Нам могут возразить, что такие моральные категории, как долг, подразумевают свободу воли: наличие долга влечет возможность его соблюсти, а детерминизм/индетерминизм может исключать таковую. Соответственно, на вопрос: «И что, что мы свободны?» Мы ответим: «И понятие долга, и этика, основанная на понятии долга». Но в таком случае мы получим интересный результат: важность свободы воли прямо зависит от принятия определенной версии нормативной этики, в частности деонтологической этики [7.]. Отказ от деонтологической этики означал бы лишение значимости вопроса о свободе воли. Это вполне возможный вариант ответа, однако в таком случае необходимо ясно понимать, что для сторонников не-деонтологической этики значимость проблемы свободы воли будет отсутствовать. Более того, учитывая все связанные как с деонтологической этикой, так и с понятием свободы проблемы, теории, например, консеквенционалистов будут находиться в диалектически выигрышном положении.
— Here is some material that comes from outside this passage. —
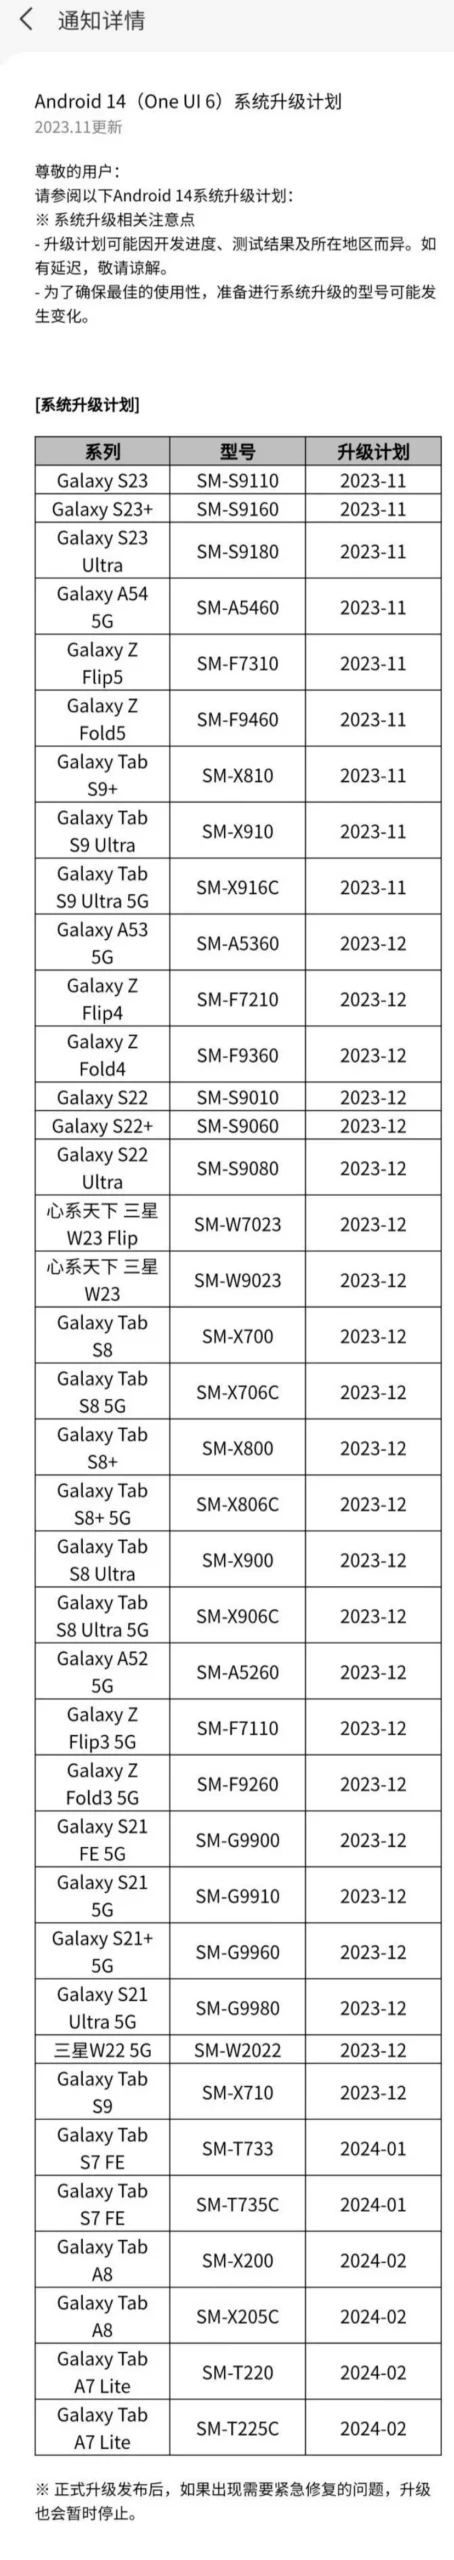 三星盖乐世社区发布Android 14和One UI 6中国升级时间表 S23等机型11月升正式版

Другой вариант подобного возражения указывал бы на то, что условием возможности практик моральной ответственности (похвалы и порицания) является свобода воли. Этот ответ, однако, зависит от возможности доказать соответствующий тезис, а перспективы такого доказательства выглядят исключительно сомнительными. Здесь, например, требуются эксплицитные аргументы в пользу того, почему эволюционистские объяснения формирования практик (т.е. определенных форм поведения) похвалы и порицания не могут быть достаточны. Эти объяснения между тем никак не подразумевают понятия свободы воли.

Следующее возражение такого «трансценденталистского» толка могло бы основываться на том, что не свободный поступок вообще не является поступком, а не свободный агент вообще не является агентом. Этот ответ кажется non-starter’ом, поскольку он основывается на таком представлении о действии и агенте, которое едва ли соответствует стандартным употреблениям этих понятий как в обыденном, так и в философском дискурсе. Действие может быть не свободным, оставаясь действием. Агент также может не обладать свободой воли, оставаясь агентом. Конечно, мы можем сказать, что детерминированный агент вообще не агент, соответственно, что он вообще не может совершить поступок и, конечно, что его нельзя хвалить и порицать. Проблема в том, что обосновать такую точку зрения представляется крайне затруднительным. Скорее это похоже на эксцентричное переосмысление понятий, целью которого может быть разве что выведение эксцентричных следствий. Наш главный вопрос, напротив, ориентирован на актуальную значимость вопроса о свободе воли, т.е. на вопрос о том, есть ли что-то в нашем мире, что оправдывается только свободой воли. Отметим, что мы не утверждаем: свобода воли ничего не оправдывает. Скорее мы спрашиваем: что именно и как? Указанный ответ говорит нечто вроде: вообще все и как необходимое условие. Не очень понятно, какого рода аргументы могли бы убедительно обосновать такой ответ.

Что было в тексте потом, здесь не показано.